Por: Celeste Alvarado - Revistaeyn.com
Durante la Cumbre Regional de Confianza 2026, organizada por E&N, DATOS Group y PIZZOLANTE, Luis Castellán, fundador y director general de DDI LATAM, abordó uno de los nuevos desafíos para las organizaciones: cómo la inteligencia artificial está cambiando la manera en que las personas buscan información, evalúan reputaciones y toman decisiones.
Con más de dos décadas de experiencia en inteligencia social, reputación y analítica digital, Castellán indicó que hoy es habitual buscar información en internet antes de confiar en una persona, empresa o marca.“Antes de confiar en alguien, yo lo googleo”, comentó, para explicar cómo la búsqueda digital se ha convertido en una especie de due diligence cotidiano.
La reputación algorítmica
El especialista explicó que el cambio fundamental es que las personas ya no solo encuentran resultados en internet. Las herramientas de inteligencia artificial buscan, comparan, interpretan y generan respuestas a partir de las señales disponibles en el ecosistema digital.

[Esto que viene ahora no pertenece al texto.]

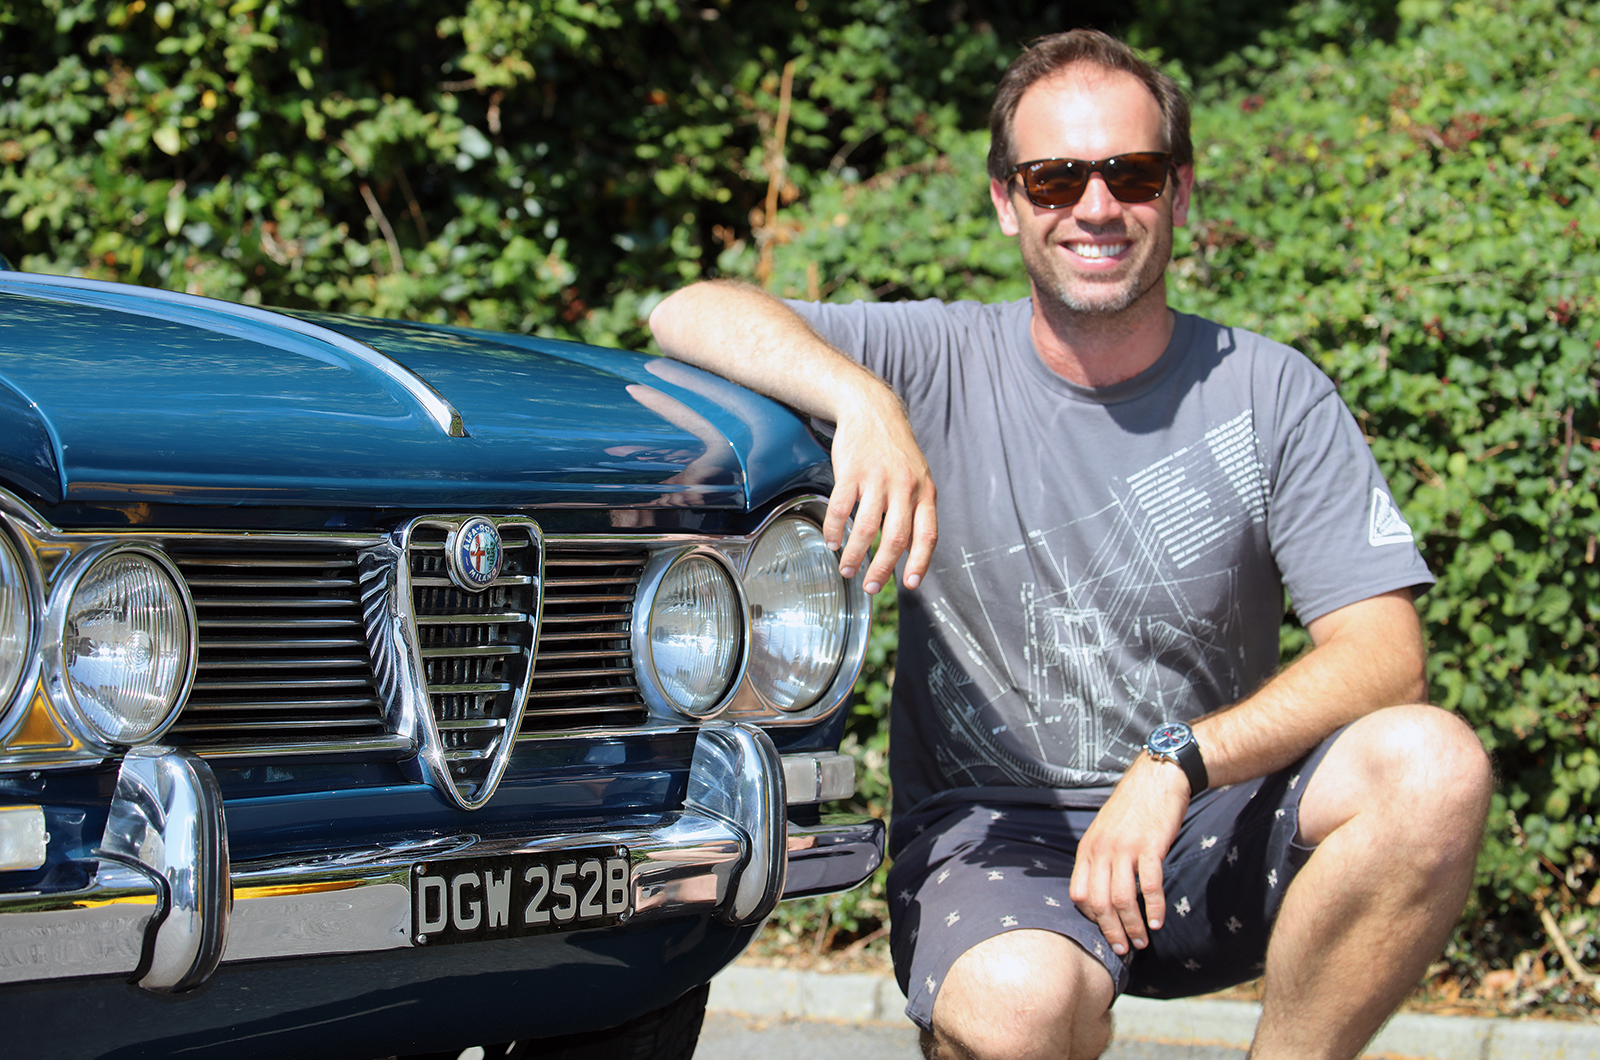 Classic & Sports Car – Buyer’s guide: Alfa Romeo Giulia

A este fenómeno lo denomina “reputación algorítmica”, es decir, la interpretación que los algoritmos construyen sobre una organización o persona a partir de su huella digital.
“Ya no somos solamente lo que decimos que somos, sino lo que el algoritmo está entendiendo de nosotros”, afirmó.
Por ello, las empresas necesitan construir una arquitectura de evidencias, con información verificable y coherente que permita demostrar quiénes son y qué hacen.
Castellán identifica cuatro fuentes principales: lo que las personas dicen, lo que encuentran, lo que comparten y lo que la propia organización comunica. La coherencia entre estos elementos es fundamental para evitar que la inteligencia artificial construya una percepción alejada de la realidad.
El silencio también comunica
Uno de los mensajes centrales de su intervención fue que dejar espacios vacíos en el entorno digital también tiene consecuencias.
“El silencio no es neutral, es una narrativa sin dueño”, señaló.
Por ello, ante una crisis o situación que pueda afectar la reputación, las organizaciones deben evaluar cuándo guardar silencio y cuándo generar información clara y verificable para evitar que otros construyan la narrativa.
El especialista también destacó la importancia de los medios de comunicación, la academia y las fuentes especializadas como generadores de información confiable. La autoridad digital, explicó, no depende únicamente del número de seguidores, sino de la calidad y verificabilidad de las señales que respaldan una determinada información.
Para Castellán, la gestión de la reputación debe partir de tres acciones: diagnosticar cómo es interpretada una organización, alinear sus narrativas con sus hechos y canales, y medir los resultados.
En un entorno donde la inteligencia artificial se convierte cada vez más en una fuente de información para las personas, el desafío empresarial no consiste en controlar lo que los algoritmos dicen, sino en construir una realidad sólida, coherente y verificable.
“La comunicación organiza la evidencia, el negocio produce la realidad”, afirmó. Y aunque la tecnología transforme la manera de interpretar la reputación, Castellán dejó una conclusión central: la confianza sigue siendo profundamente humana.